(После прихода к власти Гитлера Бруно Таут уехал в Японию и обрадовался, увидав там современную архитектуру - традиционные японские дома, светлые и голые.)
Я помнил полотна супрематистов на улицах Москвы и все же в Магдебурге растерялся. Как бы ни был непривычен, норой сух язык Татлина, Малевича. Поповой, Родченко, то был язык искусства. В немецкой живописи меня стесняла литературщина, да и полное отсутствие чувства меры: холсты вопили.
Помню обложку стихов Газенклевера: человек с отчаянным лицом кричит. В поэзии свирепствовала инфляция прорицаний; и Верфель и Унру сулили миру гибель. А на улице прохожие, равнодушные к поэзии, подозрительно молчали.
Я встречался с Леонгардом Франком. Ему исполнилось сорок лет, он был уже известным писателем, но оставался мечтательным юношей: стоит людям поглядеть друг другу в глаза, улыбнуться - и сразу исчезнет злое наваждение. Да и потом он мало менялся; ничто не могло его ожесточить. Я встречал его в годы фашизма в Париже, после войны, когда, проживая в Западной Германии, он приезжал в Берлин и дружески беседовал с писателями ГДР. Одна из его книг называется «Человек хорош»; это очень субъективная оценка - Франк узнал, что такое эсэсовцы, но он-то сам действительно был хорошим человеком.
Артур Голичер потрясал седыми кудрями. «Ты увидишь - не пройдет и года, как рабочий Берлин протянет руку Москве…»
В квартале, облюбованном иностранными мародерами и новыми богачами, которых звали «шиберами», пометалось «Романишес кафе» - приют писателей, художников, мелких спекулянтов, проституток. Там можно было увидеть итальянцев, убежавших от касторки Муссолини, венгров, спасшихся от тюрем Хорти. Там венгерский художник Моголи Надь спорил с Лисицким о конструктивизме. Там Маяковский рассказывал Пискатору о Мейерхольде. Там итальянские фантазеры мечтали о международном походе рабочих на Рим, а ловкачи покупали или продавали мелкие купюры долларов. Солидные бюргеры, направляясь в воскресенье на богослужение в Гедехтнискирхе, пугливо поглядывали на «Романишес кафе» - им казалось, что напротив церкви разместился штаб мировой революции.
Западный Берлин и тогда был «западным»: это связано не только с ветрами истории, но и с обыкновенными ветрами: в Берлине, в Лондоне, в Париже западные районы облюбованы богатыми людьми - обычно ветры дуют с океана и заводы размещаются на восточных окраинах.

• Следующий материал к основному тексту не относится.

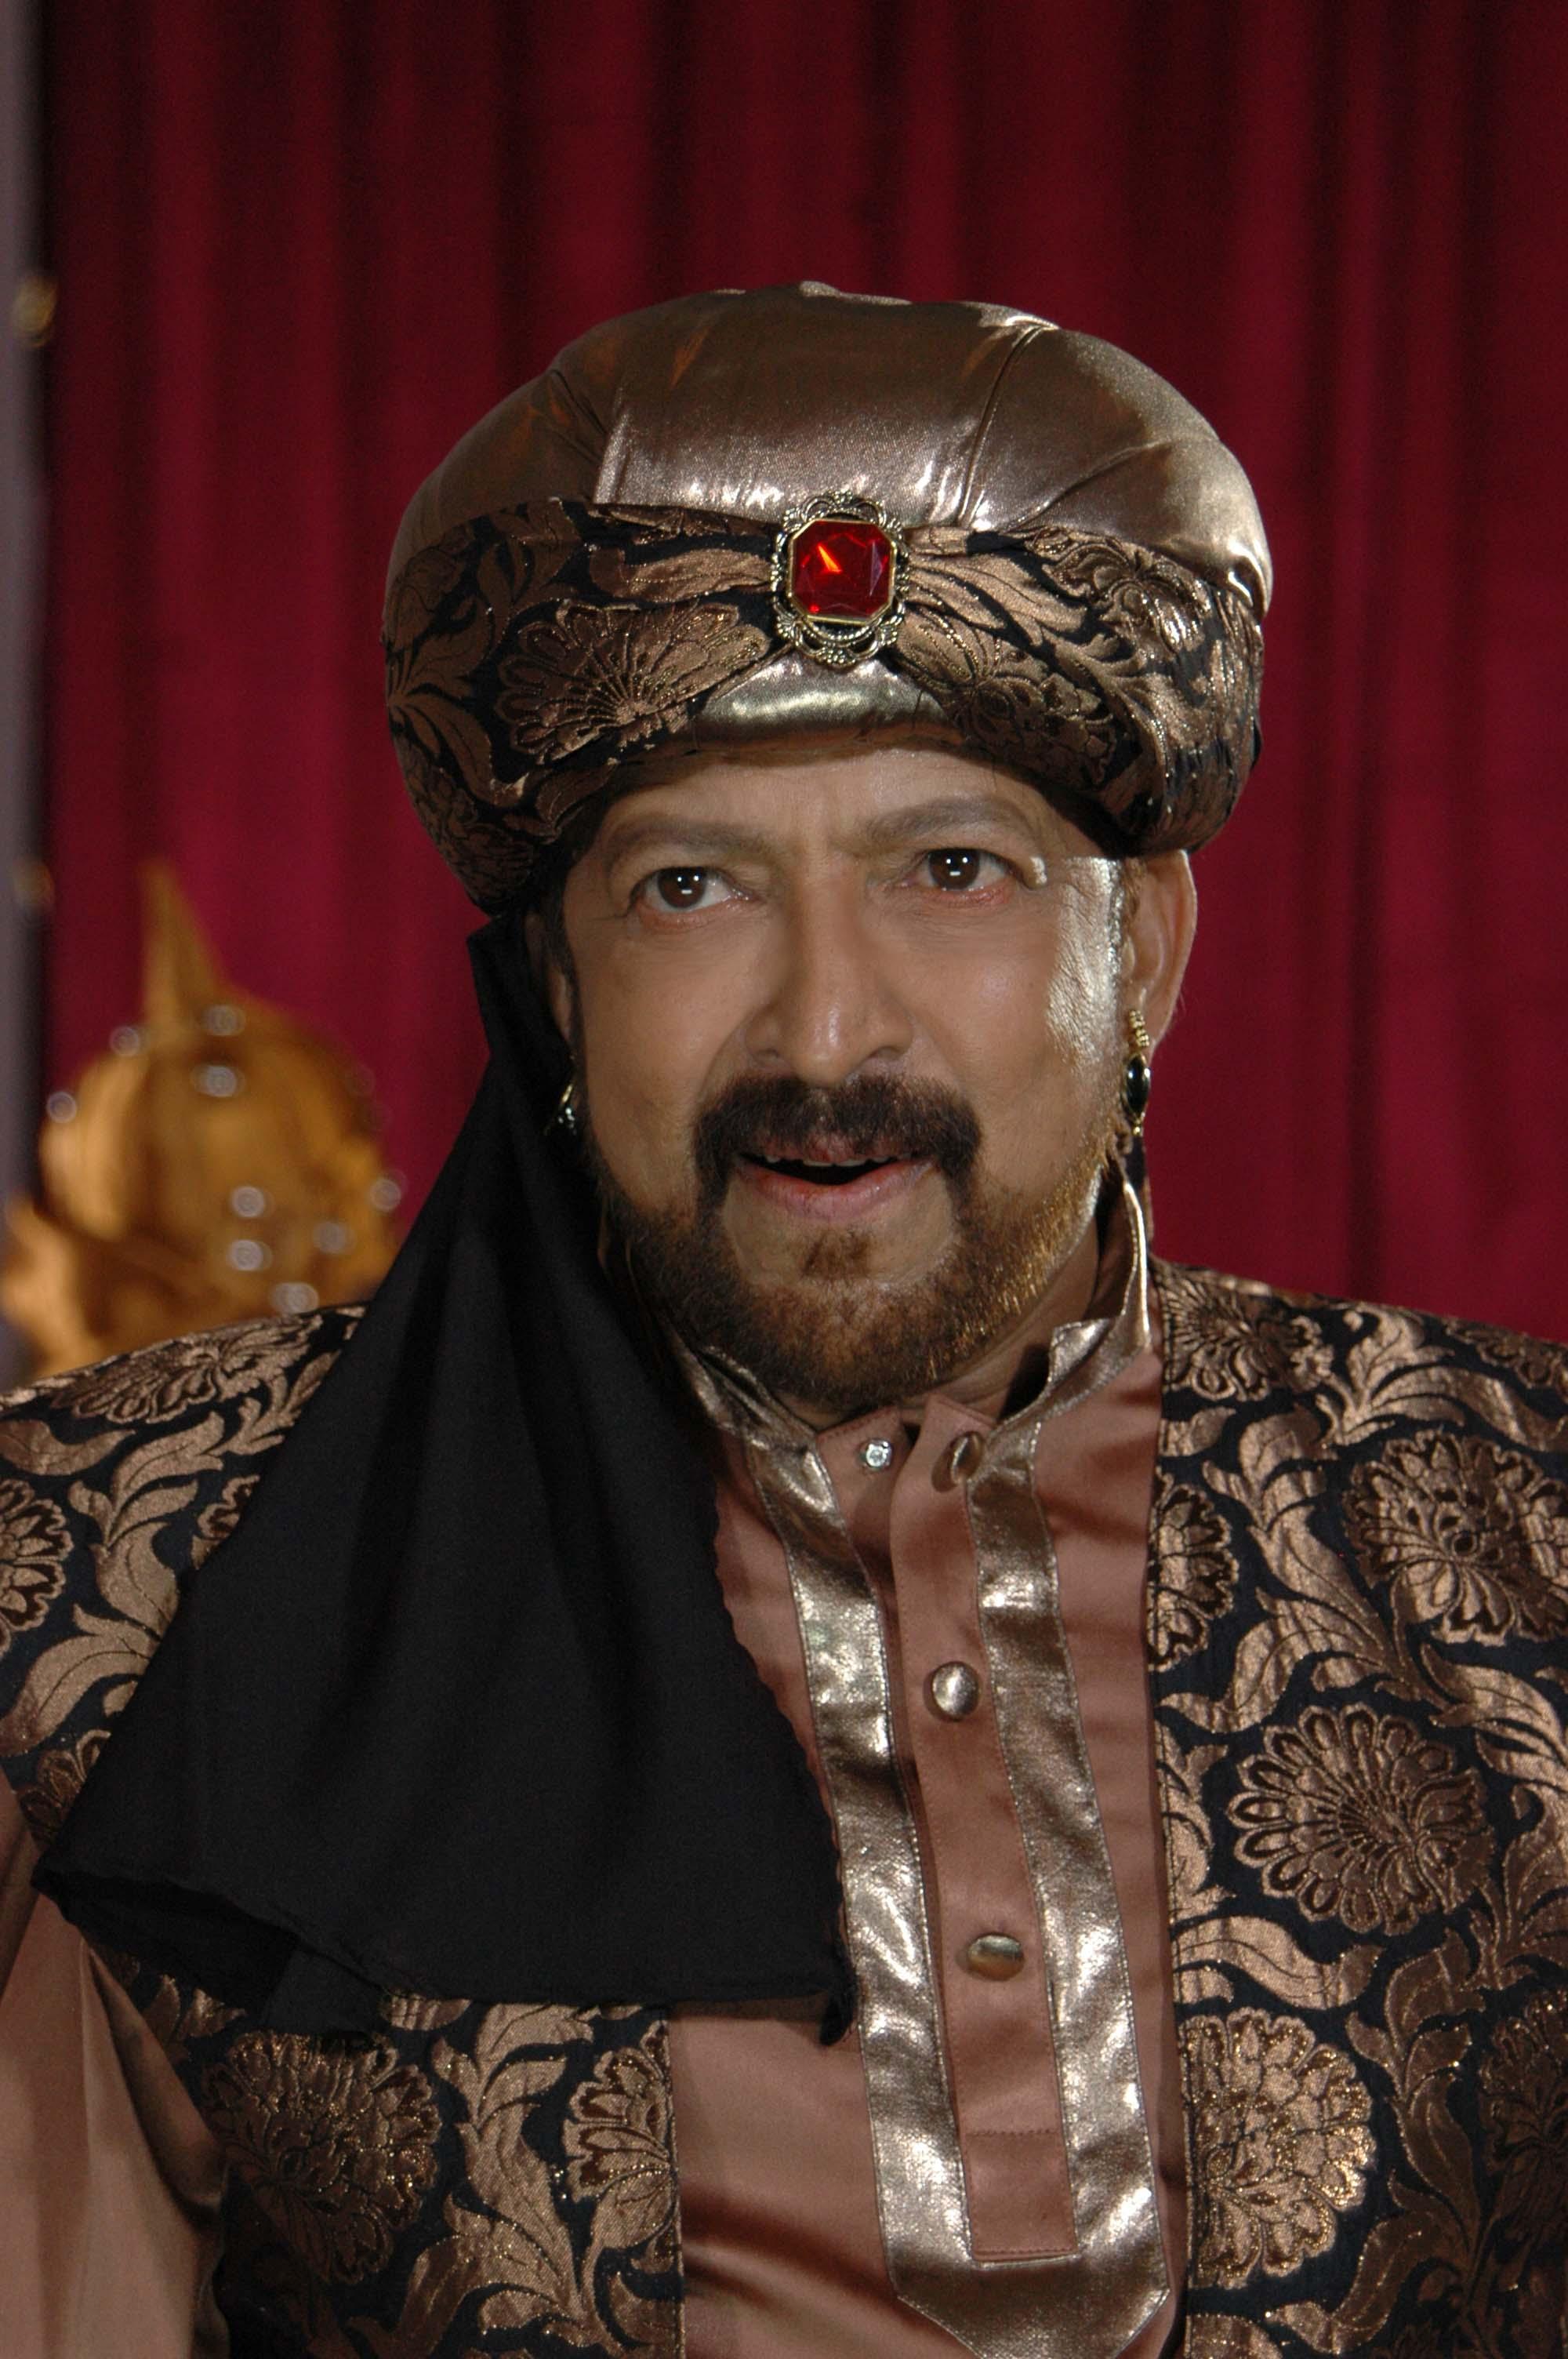 Aptharakshaka - ReviewVishnuvardhan Kannada Actor With Lion

В западном Берлине надеялись на Запад и в то же время его ненавидели: мечты о защите против коммунистов смешивались с мечтами о реванше. В витринах магазинов можно было увидеть надписи: «Здесь не продают французских товаров»; это редко соответствовало действительности, и жене шибера не приходилось ломать себе голову над вопросом, где купить духи Герлена: патриотизм отступал перед жаждой наживы. Однако московскому Камерному театру, когда он приехал в Берлин на гастроли, пришлось переименовать французскую оперетку «Жирофле-Жирофля» в «Близнецов», а «Адриенну Лекуврер» - в «Морица Саксонского».
В восточном и северном Берлине можно было порой услышать «Интернационал». Там не торговали долларами и не оплакивали кайзера. Там люди жили впроголодь, работали и ждали, когда же разразится революция. Ждали терпеливо, может быть слишком терпеливо… Я видел несколько демонстраций. Шли ряды хмурых людей, подымали кулаки. Но демонстрация заканчивалась ровно в два часа - время обедать… Помню разговор с одним рабочим. Он мне доказывал, что число членов в его профсоюзе возрастает, значит, пролетариат победит. Страсть к организации - почтенная страсть; однако в Германии она мне казалась чрезмерной. (В 1940 году я увидел Берлин без автомобилей - берлинские машины носились по дорогам Европы: третий рейх завоевывал мир.